Негр радостно вскрикнул и подпрыгнул, как зайчонок, испустив веселый гортанный
«Как это быстро! Как это сразу легко удалось!» — радостно подумалось ему, и он уже видел, как вот сейчас, здесь вот что-то случится страшно важное, еще никогда не бывавшее в мире, и пускай после этого бьются о стенки засохших конторок жадные погонщики севера. Шоколада больше не будет. Шоколада, именно самого важного, что им надо, чем они держатся, — шоколада больше не будет.
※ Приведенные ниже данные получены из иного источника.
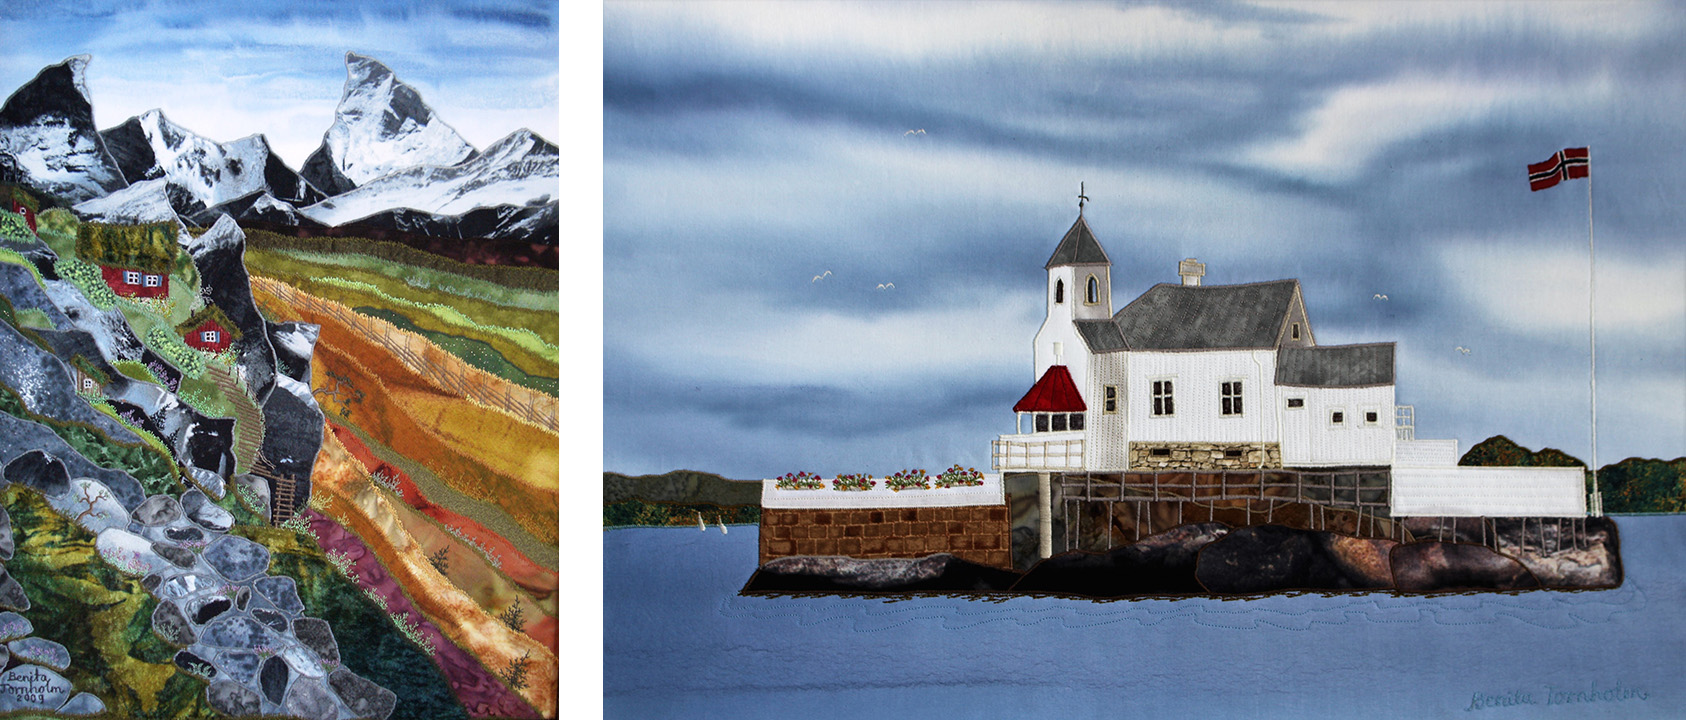 BenitaTornholm_7_mountain farm_6_The Dyna Lighthouse

— Значит ты не масса? — с изумленною радостью повторял, щелкая языком, негр. — Ты не ешь шоколада?! — Ты наш брат?! И мы будем вместе с тобой лазить по нашим деревьям, срывая орехи, хохоча по утрам в шаловливой щекотке. Будем спать у ручья на шелковистых стеблях длинных трав под ожогами красного солнца. А вечерами, под сизую пряную дымку тумана с болот, будем вместе так жутко молиться, томясь, вот этим прекрасным таинственным бусам. Ведь ты их нам дашь? Ты их дашь? Ты обещал ведь?! — и тысячи хрустальных доверчивых глаз нежно протягиваются к нему с детскою просьбой. Сотни ласковых рук бережно гладят его, любовно ощупывают, лезут в карманы. Вдруг резкий пронзительный крик:
— Это масса! Он обманул!.. Шоколад!
Зудин ничего не понимает, почему все стрельнули в него пиками пальцев и сейчас же все насугорбились еще ниже и покорнее, заработав, как мыши, перед проезжающим статным красавцем с опаловой тенью на рыжем коне.
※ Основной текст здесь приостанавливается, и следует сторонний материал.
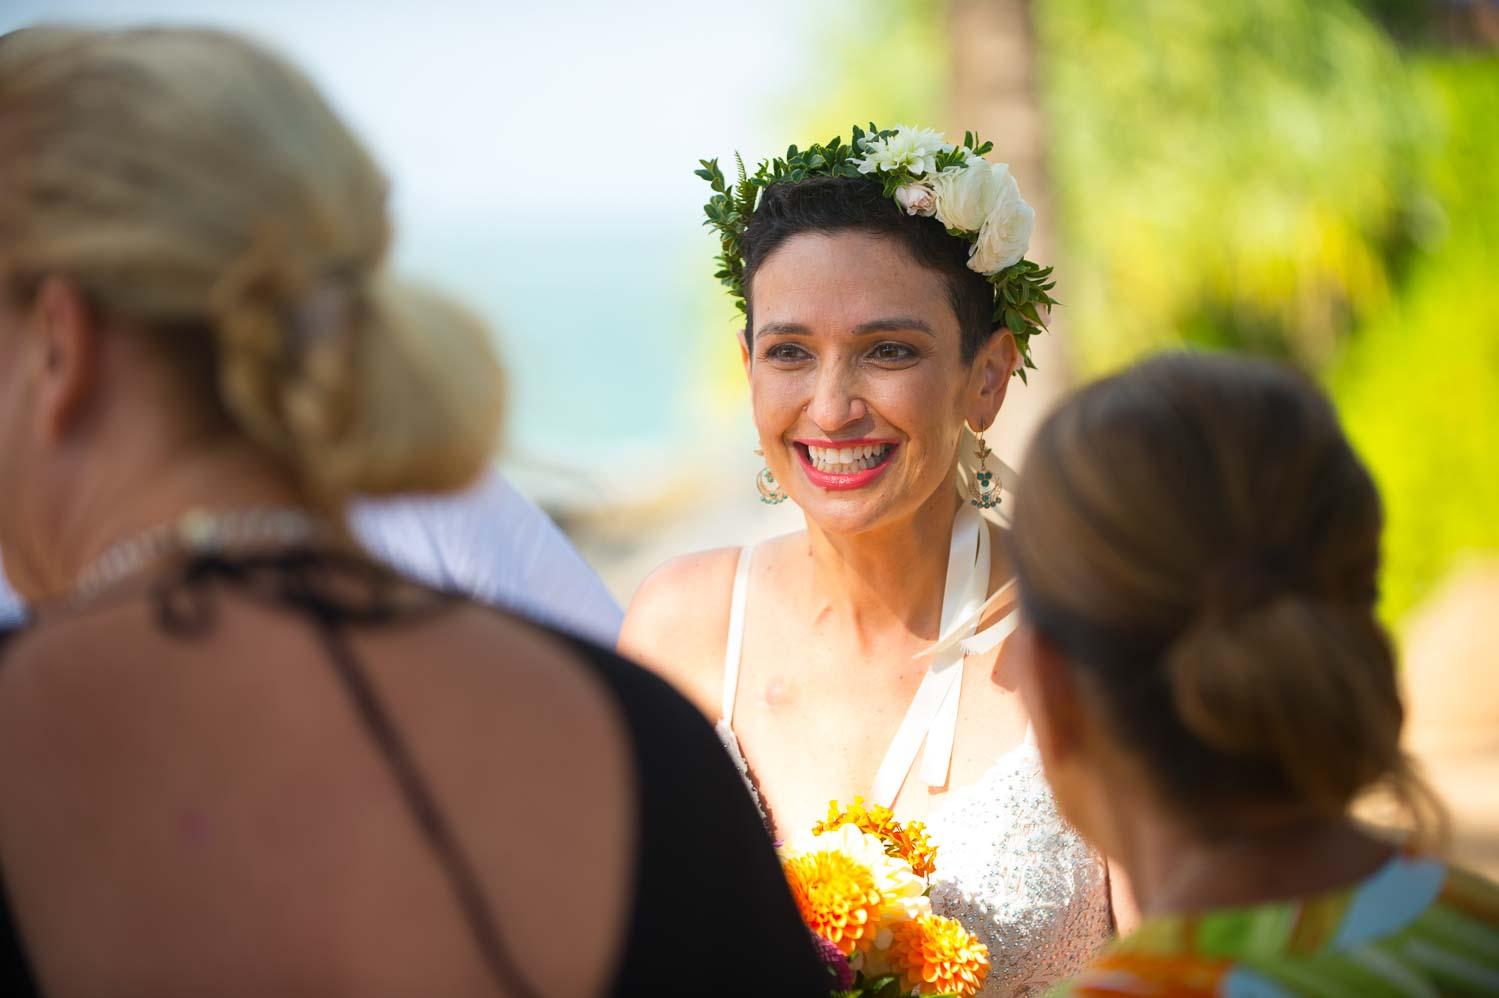 maui-wedding-photography-maui-wedding-venue-Tad-Craig-Photography-8.jpg

— Что случилось? — и он видит, как негр растерянно вертит пальцами вынутый просто случайно из кармана его шоколад.
«Ах, вот ведь что!» — быстрится мысль Зудина искрометным мгновеньем. Но дальше он уже ни о чем не успевает подумать. Его череп раскалывается от звонкого удара, как орех, а размякшее тело переломанными костями, прорвавшими мясо и кожу, засовывается под низкий неструганный ящик с горьким запахом вялых стручков.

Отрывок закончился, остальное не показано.